US President Donald Trump held a press conference at the 36th Nato summit in Ankara, Turkey, on Wednesday, where he veered from praising the alliance to threatening Iran and confusing world leaders' names.
Trump's Surprising Praise for Nato
Addressing journalists alongside his Ukrainian counterpart, Volodymyr Zelenskyy, Trump surprised everyone by directing his affections at an alliance he had spent much of the previous day criticizing. "We just had our Nato meeting, and it was a great meeting," he said. "There was a lot of love in that room today, a lot of unity. It couldn't have gone much better."
This was a stark contrast from earlier, when Trump had sat beside Nato Secretary General Mark Rutte and voiced complaints about perceived lack of support on the war with Iran and Spain's refusal to comply with new defence spending targets. Even Zelenskyy, once the target of a notorious Oval Office browbeating, seemed to have risen in Trump's estimation. "We have some good stories to tell," Trump said, talking up prospects for a deal to end Ukraine's four-and-a-half-year war with Russia. "He has done an amazing job."
Darkness Descends on Iran
The mood darkened when the subject turned to Iran. Trump recently agreed to a memorandum of understanding that ushered in a 60-day halt to hostilities, but on Wednesday he declared the ceasefire all but over after US forces struck Iranian targets the previous day. He asserted that Iran had violated the terms by attacking three vessels in the strategically vital Strait of Hormuz, supposedly reopened under the recent agreement. "We have a score to settle," he said, invoking past Iranian transgressions, including the manufacture of roadside bombs that killed and wounded numerous US troops in Iraq and Afghanistan.
Having hailed his own deal just two weeks ago as necessary to prevent an economic disaster equalling the Great Depression if the Strait of Hormuz remained closed, Trump now wrote off the possibility of agreement with Iran's leadership. "They violate the agreement every day. They lie, they cheat, they kill people. They've been killing people for 47 years. They knocked out the USS Cole," the US president said, citing Iran's alleged role in facilitating an al-Qaida attack on a US warship in October 2000.

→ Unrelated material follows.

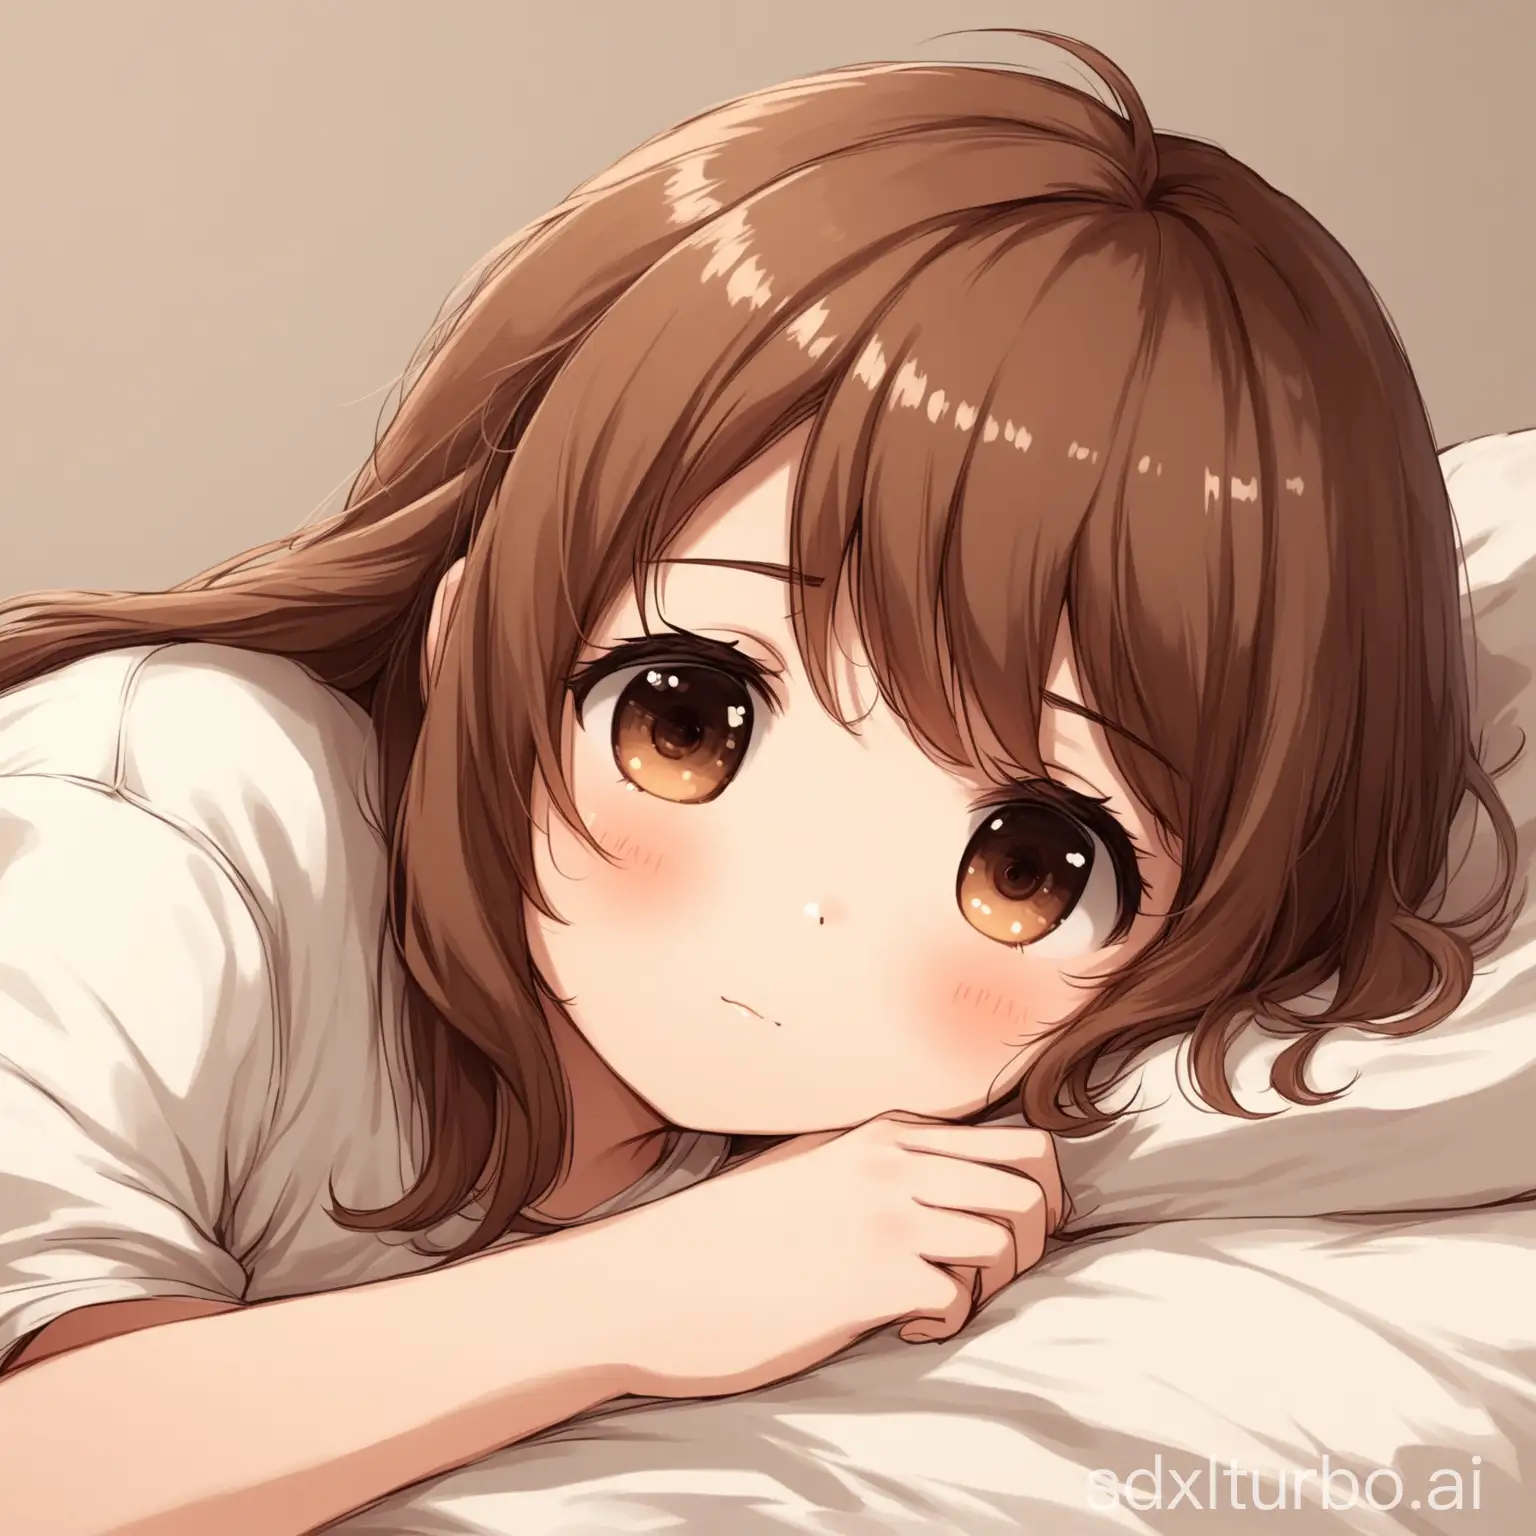 Adorable-BrownHaired-Girl-Relaxing-Serenely

New Goals and Menacing Threats
Having previously settled for reopening the Hormuz strait—through which 20% of the world's fuel supplies pass—Trump said the goal was now "denuclearization," a reference to Iran's capacity to build a future nuclear bomb. "We're going to have a deal. We may just do it without a deal, because you know what, it's easier," he said, menacingly. He paid cursory homage to his chief envoy Steve Witkoff, son-in-law Jared Kushner, and JD Vance, who were instrumental in negotiating the ceasefire. "My whole life is deals, [but] I don't see it with them. Maybe a big attack, and it'll knock out a lot of stuff," he said. US forces would "probably" carry out major attacks on Wednesday evening, he said, including potentially power stations and desalination plants.
Misnomers and Malapropisms
Trump's diatribe strayed into malapropisms and comical misnomers. At one point, referring to missiles supposedly aimed at the aircraft carrier USS Abraham Lincoln, he said they had been fired by "the Islamic Republic of Japan." In the middle of a homily about Iran's military forces being destroyed, he suddenly switched course to say "one of the thing we are going to be talking about today is … we'll give them the right to make Patriot" missiles—although he appeared to be referring to Ukraine.
After a succession of questions about the Russia-Ukraine war, he asked journalists if they had a question for "President Putin"—while Zelenskyy, the Russian leader's arch-foe, sat just feet away. The moment resembled a similar verbal miscue by Joe Biden at the annual Nato summit in Washington 2024. Possibly mindful of that, Trump attempted a cover-up, insisting he meant to say Putin because he had a scheduled phone call with him later.
Revealing Misstatement
Perhaps his most revealing misstatement was of the name of Iran's late supreme leader, Ali Khamenei, buried this week in a state funeral four months after being killed in an Israeli strike. "They wanted to go to the funeral of Khomeini," Trump said, mispronouncing Khamenei's name as that of Ayatollah Ruhollah Khomeini, the spiritual leader of the 1979 Iranian revolution, who ushered in decades of enmity with Washington after the 444-day siege of the US embassy in Tehran and the holding of 52 American hostages. By conjuring the more historical name, Trump may have been subconsciously revealing his preoccupation with an age-old US grievance—and signalling his urge to get even.